YEIDA / Jewar Airport corridor (Uttar Pradesh)

This is the most directly comparable UP-authority-led industrial/infrastructure project with a long price history. The YEIDA area registered a 38% rise in land rates in three years — the highest in the country — with average plot prices on the Yamuna Expressway rising from ₹1,600 per sq ft in 2019 to ₹2,200 per sq ft, according to Anarock. A separate Colliers India analysis found land price appreciation of nearly 1.4x over five years, from ₹5,000 to ₹7,000 per sq ft between 2020 and 2024, with prices projected to reach ₹10,482 per sq ft by 2030. YEIDA plots in the area appreciated 94% between FY21 and FY25. On a per-hectare basis, industry estimates indicate the price of 1 hectare of land, around ₹25-28 lakh in 2018, had surged to ₹1.25-1.5 crore by mid-2024.

IMT Manesar (Haryana) — the cautionary precedent

Manesar shows what can go wrong when acquisition outpaces use. Thousands of residents protested in 2019 demanding the return of 162 acres acquired in 2007 for the expansion of the Industrial Model Township, claiming almost 90 percent of the land in Manesar had been acquired by the government but most of it remained unused. In 2023, the Haryana government launched a 'No Litigation Policy' offering landowners 1,000 square metres of developed land per acre acquired, in the revenue estates of Kasan, Kukrola and Sehrawan villages. This illustrates that acquisition and formal notification do not guarantee timely industrial use or that disputes over compensation will be resolved quickly.

Key risks

Signals to watch

Frequently asked questions

Can I currently buy a plot inside Agra Industrial Smart City (IMC Agra)?
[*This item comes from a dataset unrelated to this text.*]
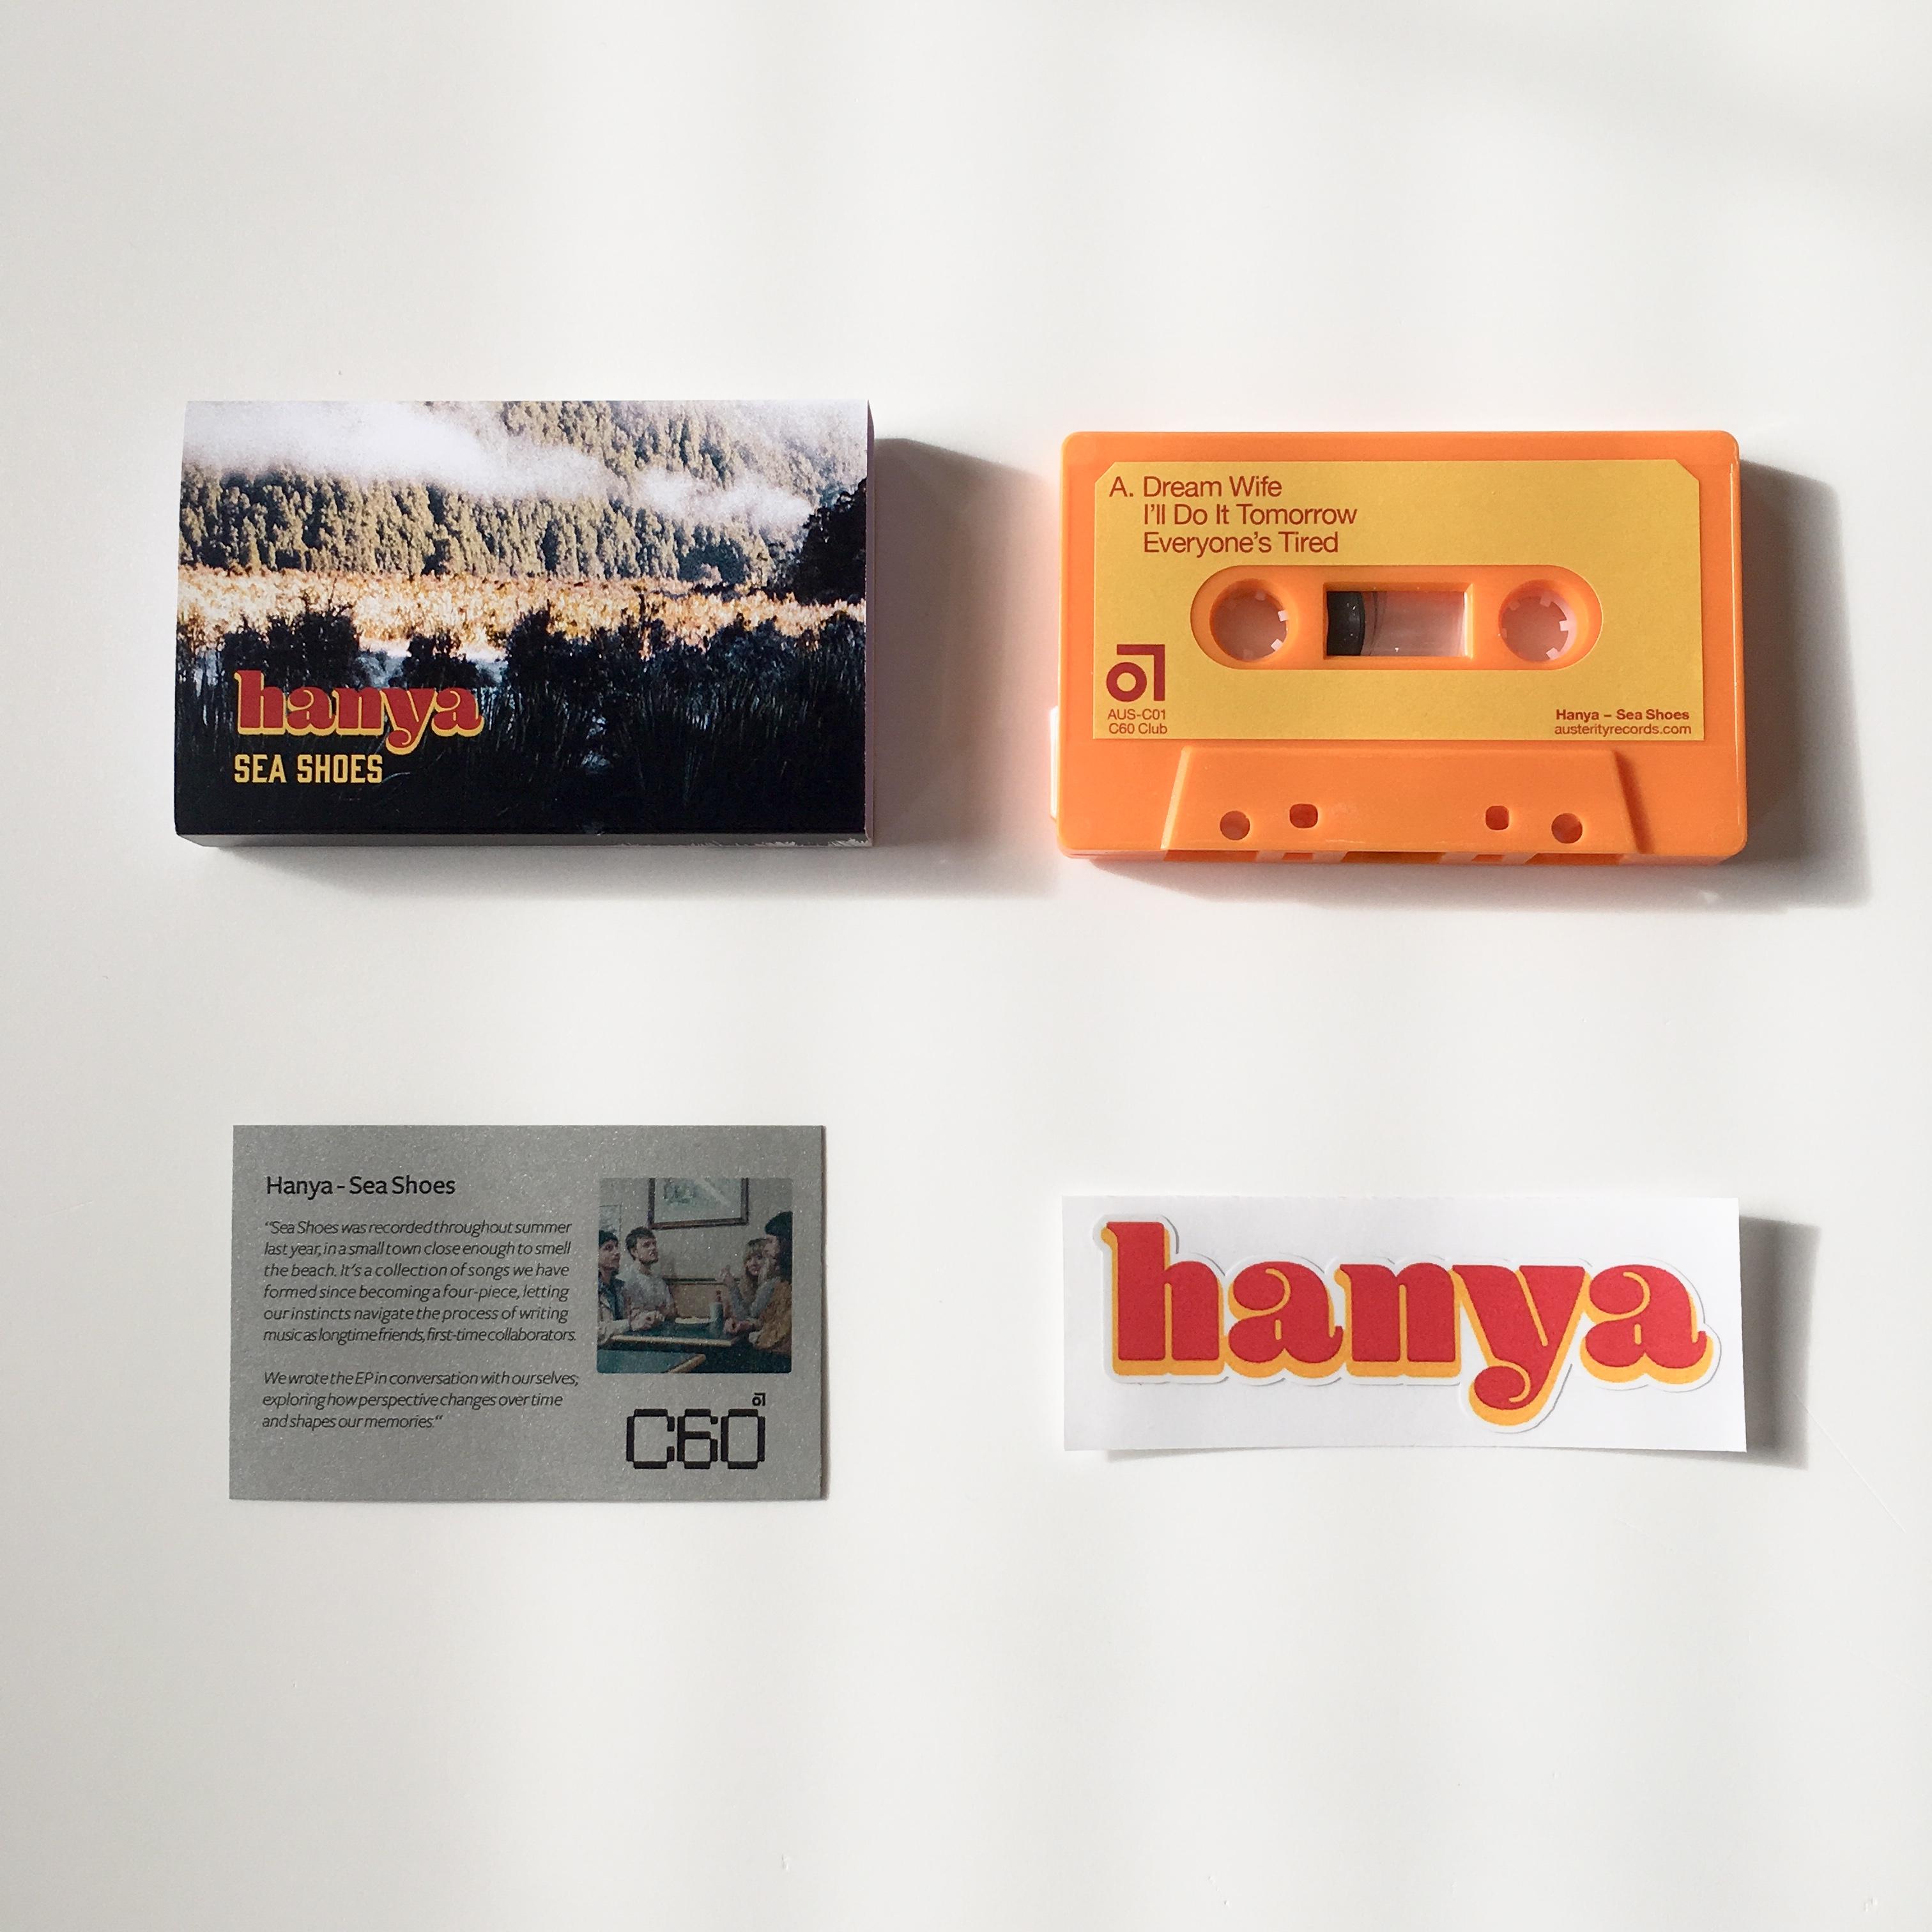 Hanya - Sea Shoes (Very limited orange cassette)
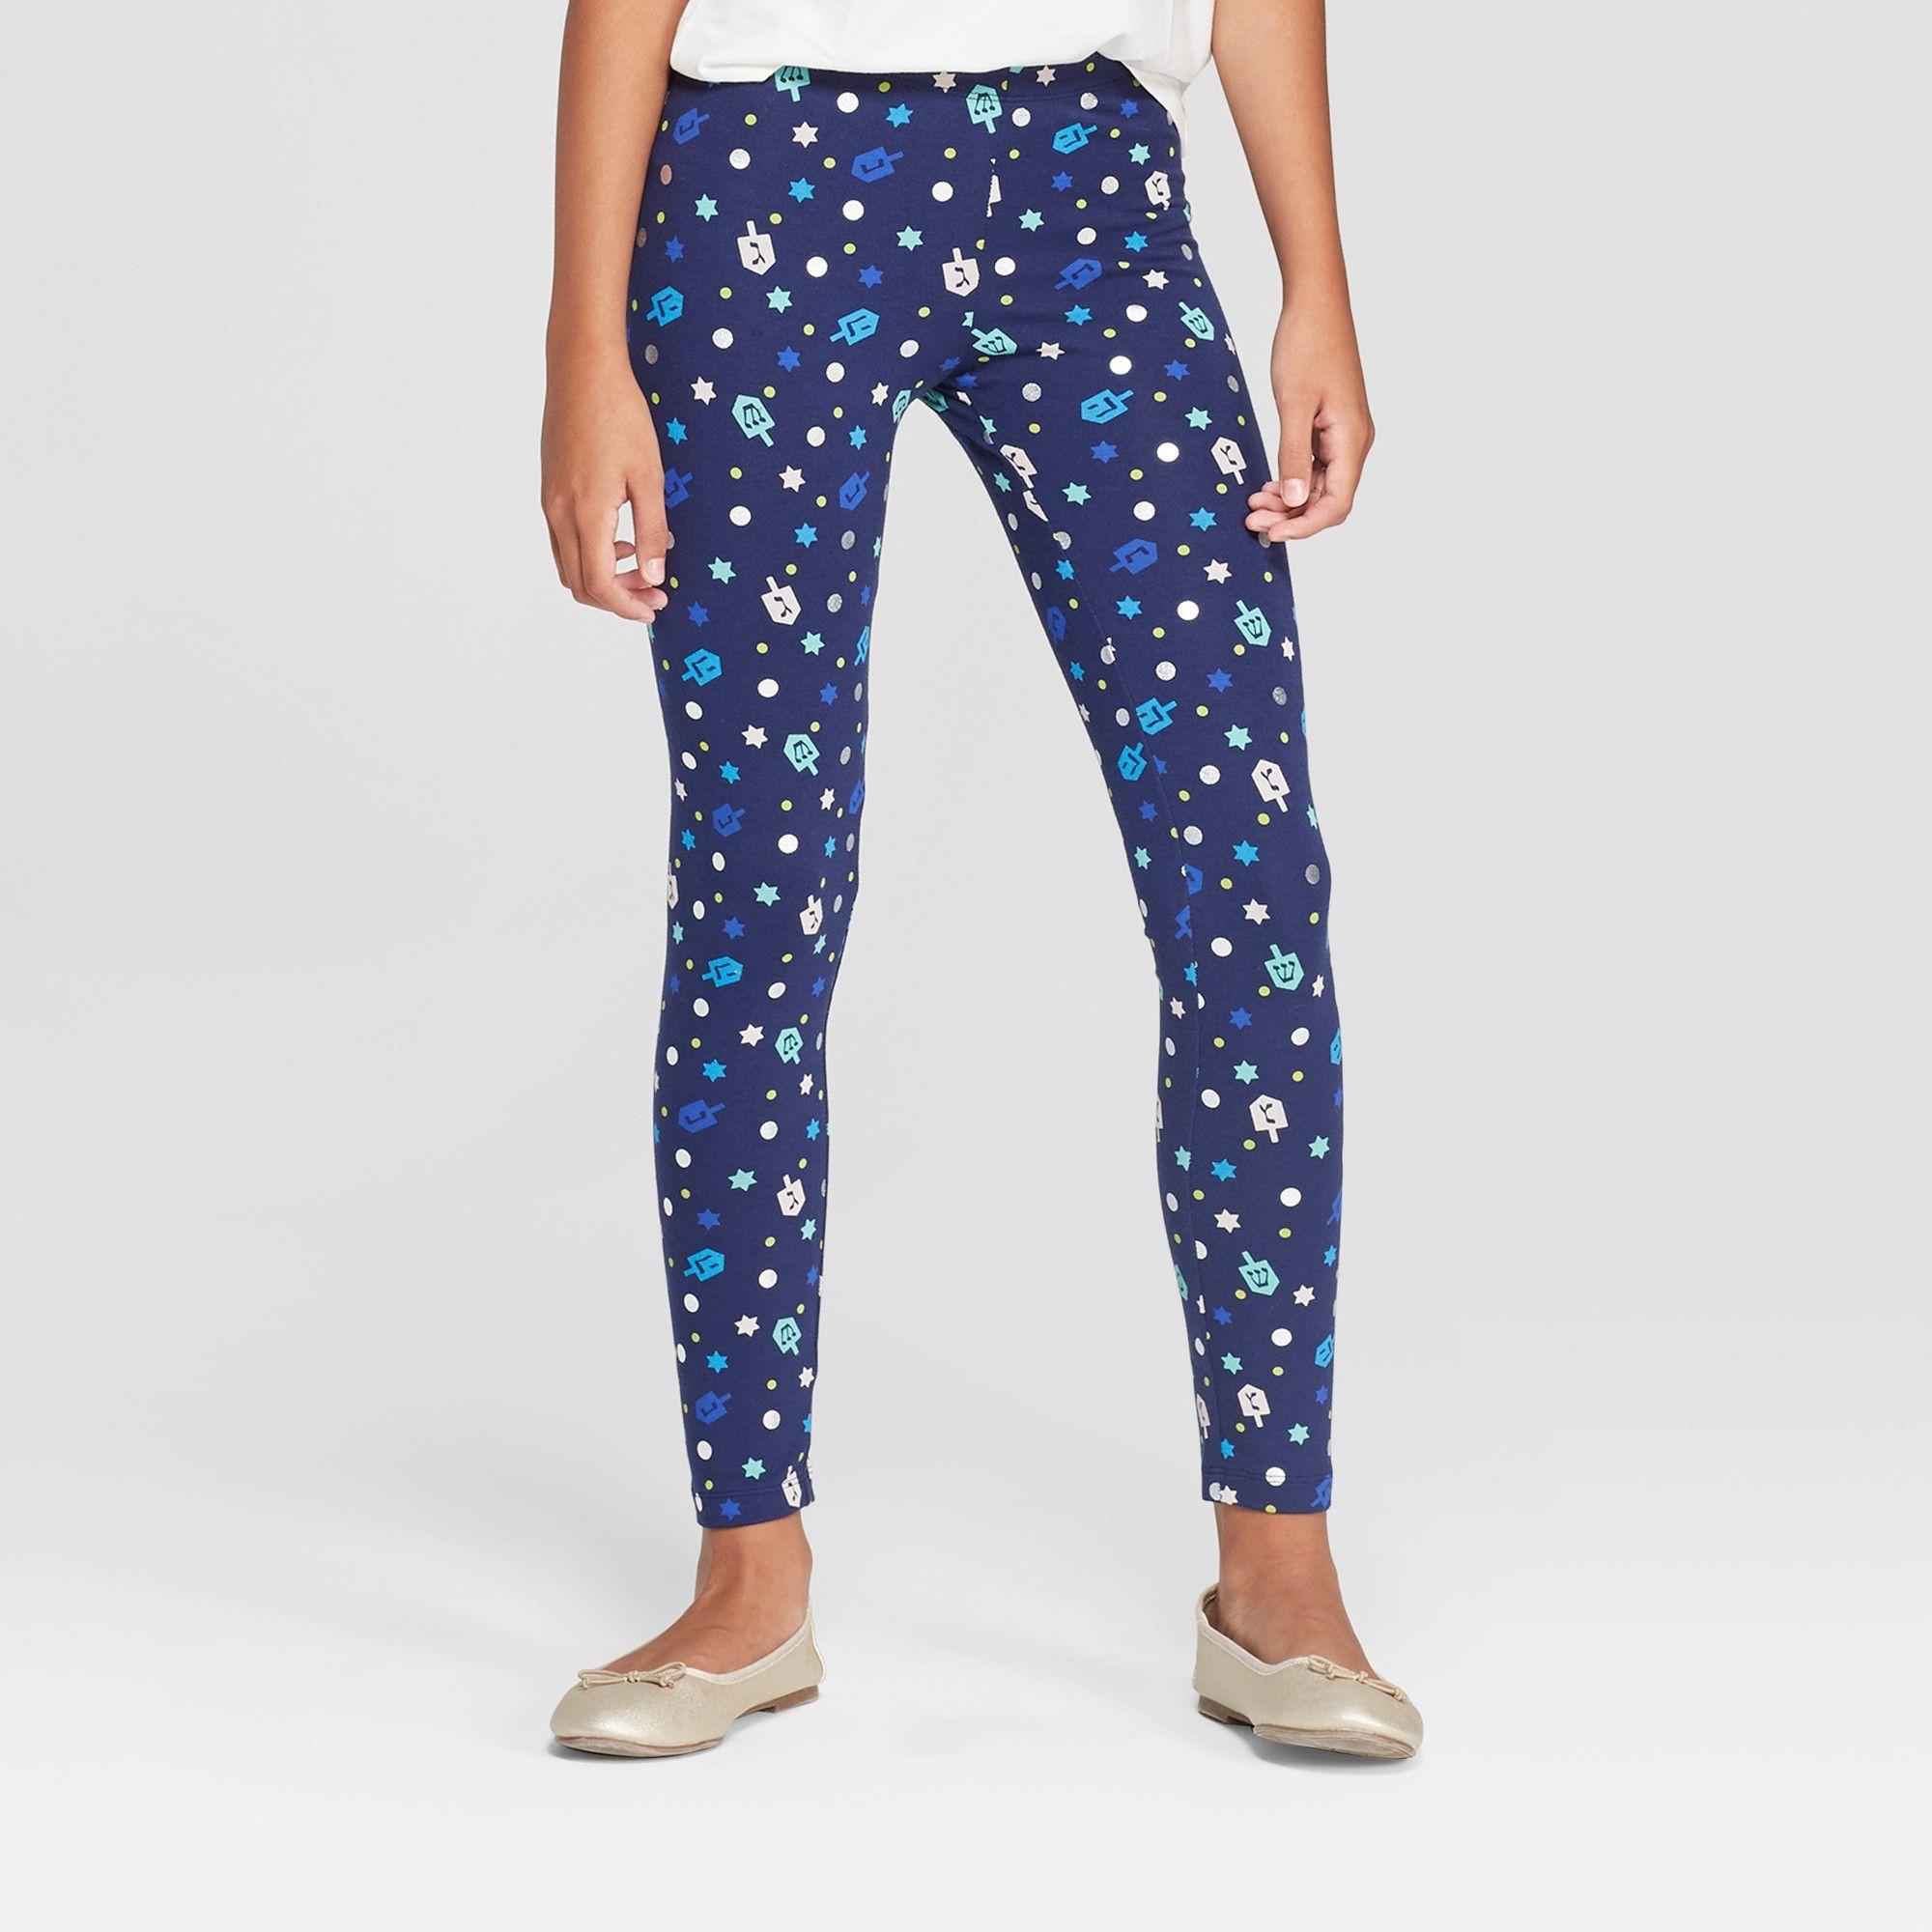 6c860a105 Girls' Hanukkah Leggings - Cat & Jack Navy XS, Blue | Products ...

No public retail plot scheme has been identified for IMC Agra as of the latest available records. NICDC directs land-parcel inquiries to an email address rather than an open sale process, and land already acquired by the state is government-held.

How much land has actually been acquired for IMC Agra?

Reports as of September 2024 indicate the UP government had acquired nearly 1,000 acres against the stated 1,058-acre footprint, leaving the acquisition status of the remainder unclear from public sources.

Which authorities are responsible for IMC Agra?

UPSIDA is the implementing authority, working with NICDC under the Amritsar-Kolkata Industrial Corridor (AKIC); a State Support Agreement and Shareholder Agreement have been signed between NICDC, the UP government and UPSIDA.

What investment is IMC Agra expected to attract?

The cluster is anticipated to bring in over ₹3,400 crore in investments, according to NICDC and government sources.

What happened to land prices near comparable projects like Jewar Airport?

Documented data shows YEIDA-area plot prices rose from ₹1,600 to ₹2,200 per sq ft between 2019 and 2022 (Anarock), and roughly ₹5,000 to ₹7,000 per sq ft between 2020 and 2024 (Colliers), with YEIDA plots appreciating 94% between FY21 and FY25.

What is the biggest documented risk with projects like this?

Land acquired for industrial townships can remain unused for years amid compensation disputes, as seen at IMT Manesar in Haryana, where much acquired land remained undeveloped and farmers sought its return.

Is Agra IMC part of a larger national programme?

Yes. It is one of 12 industrial smart city projects approved by the CCEA in 2024, with ₹28,602 crore earmarked for trunk infrastructure across all 12 under the National Industrial Corridor Development Programme.